4  Dr. Borlase (Hist. Cornw. p. 230.) says, “that this plant is extremely hurtful to sheep that feed upon it, and of which they eat greedily, wherever they find it. Its hurtful qualities are thought to be owing to an insect, or worm, which, feeding on this herb, lays its eggs on the leaf, and fixes them there by some poisonous gum: the eggs are swallowed with the flower and leaf, and, eluding the menstrua of the stomach, get into the chyle and blood: they are detained in the capillary vessels of the liver, where, meeting with the requisite degree of heat and moisture, they fecundate; the animalcules grow, and there make holes in which several of them lodge together, and feed upon the liver, till it can no longer perform the functions of its station, and the sheep dies. In Cornwall sheep-feeders take all possible care that the sheep may not come near it.” 
5  Of this plant I found several specimens, in a wood near Castelmilk, in the month of October 1792. The stalk was about an inch in height, and ⅛ in thickness. It was cylindrical and solid, and grew from a thick tuberculated, or bulbous-like root, without fibres. The pileus was entire, but greatly deflexed on two sides, whilst the other sides were raised up in two regular arches. The margin all round bended upwards with a beautiful curve. The colour was a bright white; but faded a little in the dry state. The substance was wax-like, brittle and soft to the touch. Neither the stalk, nor pileus, was ornamented with furrows, gills or pores; but, when viewed through a magnifying glass, seemed to be covered with a kind of down. All the specimens were growing separately. 

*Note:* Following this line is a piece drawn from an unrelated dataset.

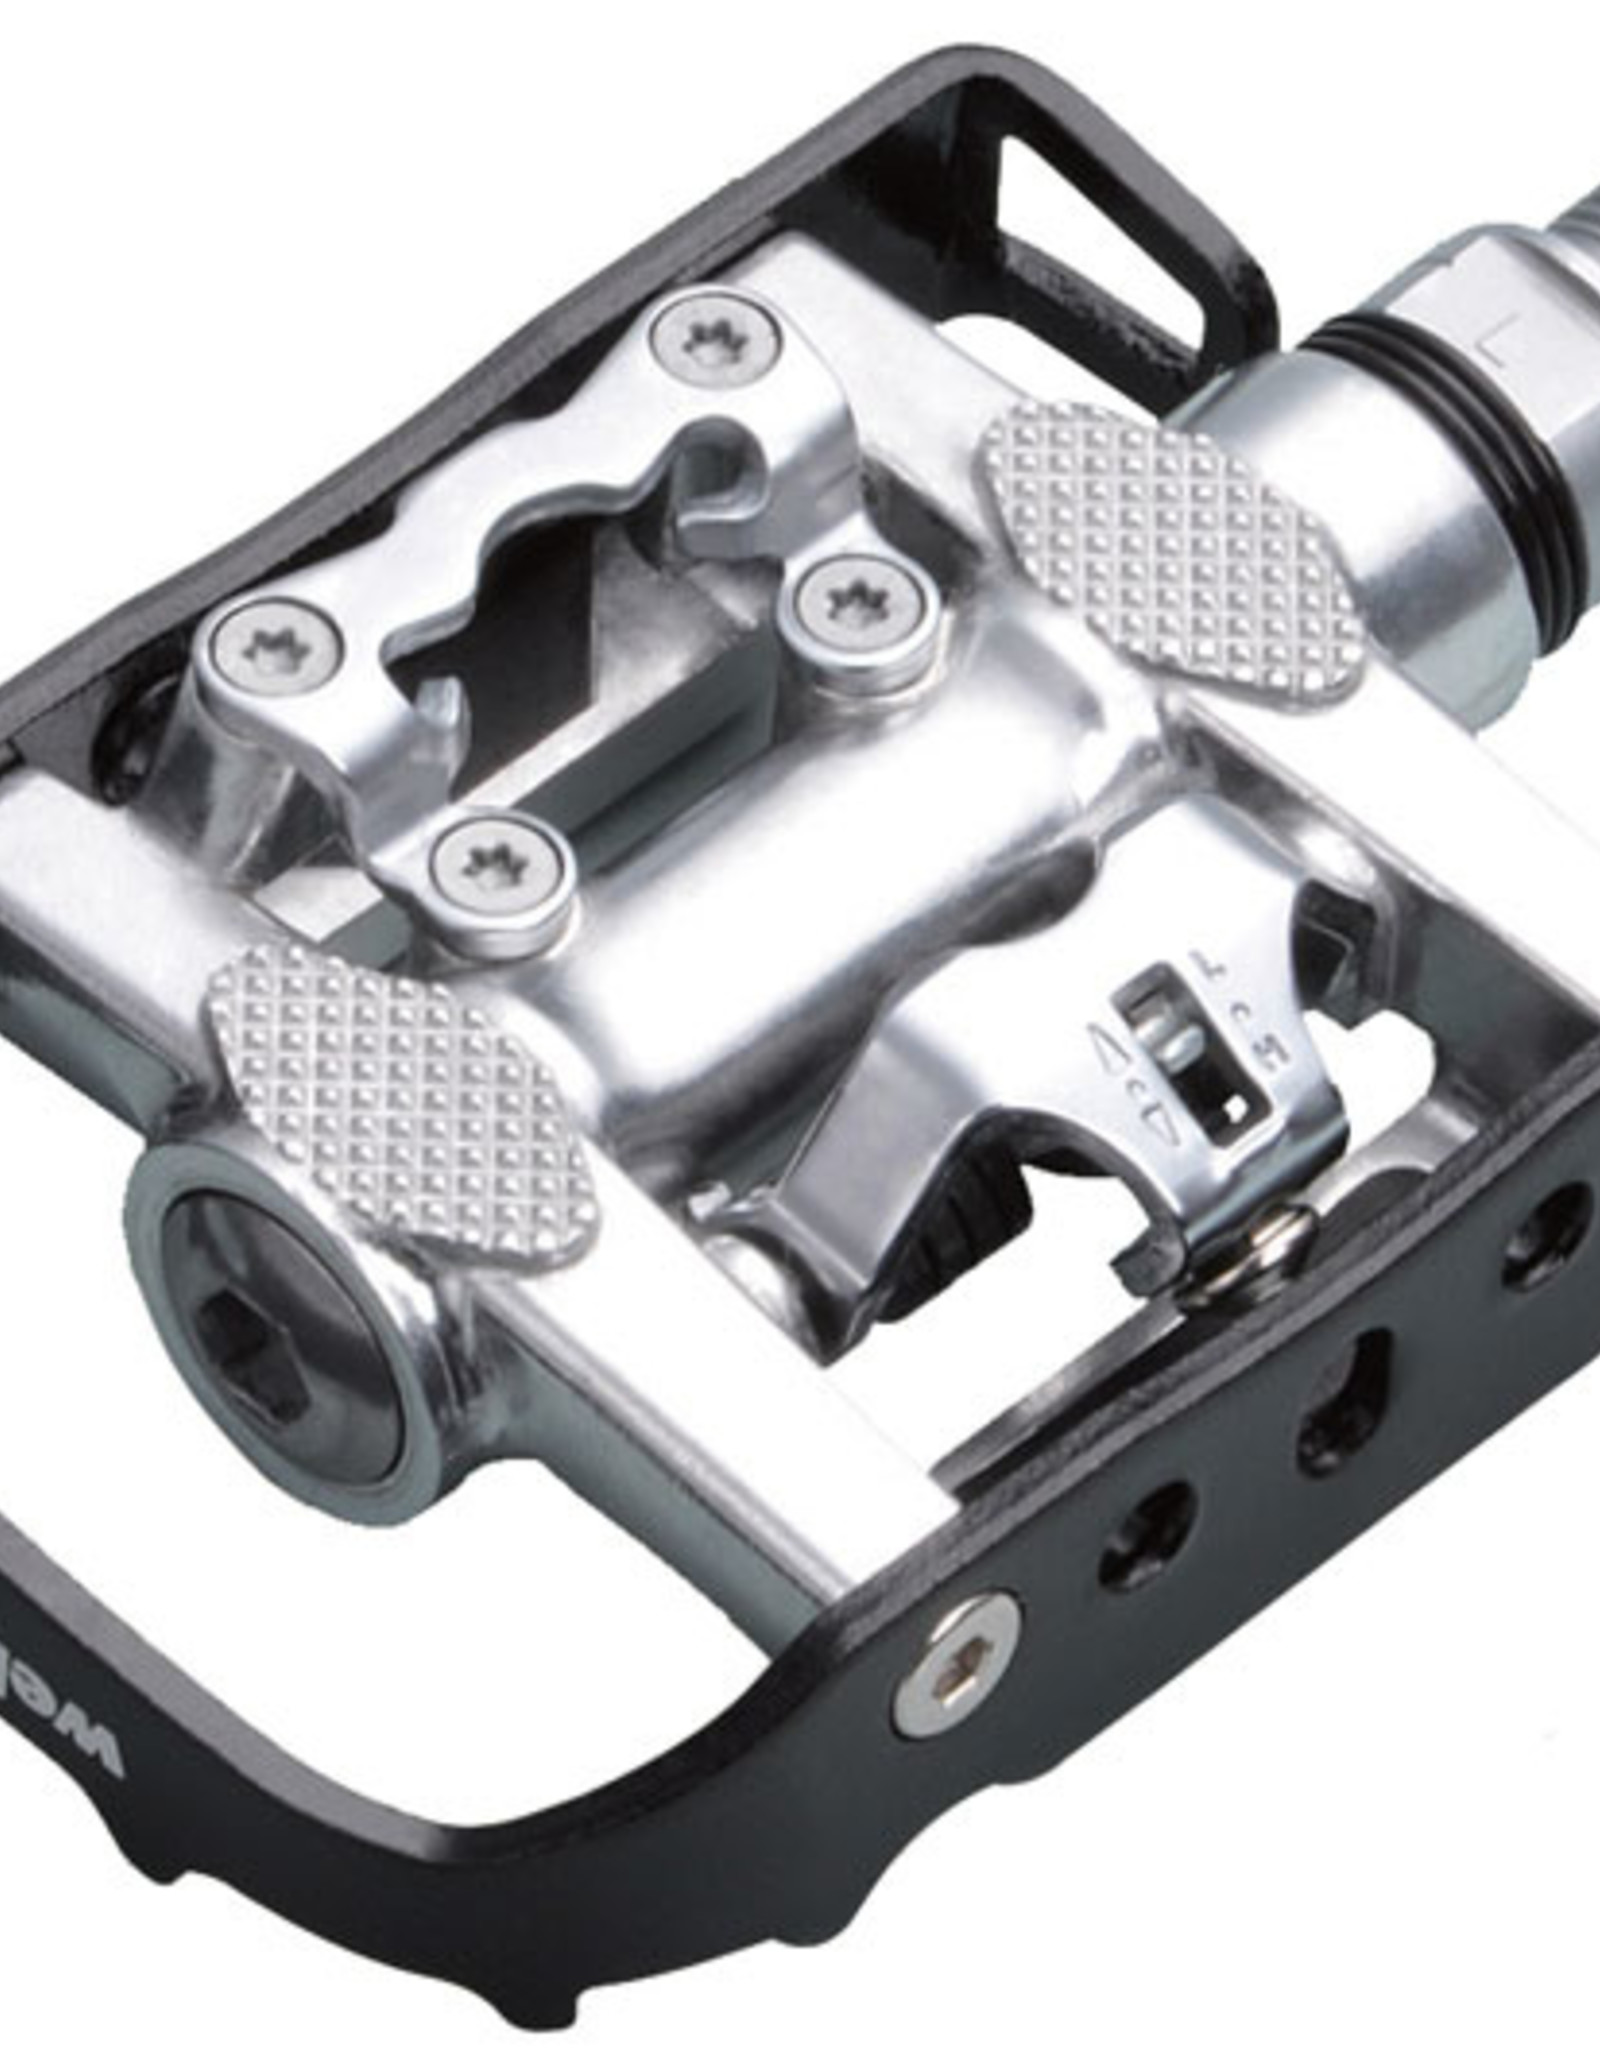 Wellgo C002 Trekking SPD Shimano Cleat Compatible Pedal with Ball Bearing

6  A whole family, in the parish of Cambuslang, was, a few years ago, poisoned nearly to death, by drinking an infusion of this plant, which, by mistake, had been gathered in place of the Teucrium Scorodonia, or Wood Sage. 
7  I have taken the liberty to give this name to a variety of Ribwort, which, in 1790, I found growing at Stonelaw; and a specimen of which I transplanted into Major John Spens’ garden at Rutherglen, where it now grows in great perfection. Every stalk bears about 12 or 15 spikes, which are sessile, and adhere to the base of the main spike. they are, however, well shaped, and bear seed: but whether the seeds will produce the same variety is yet uncertain.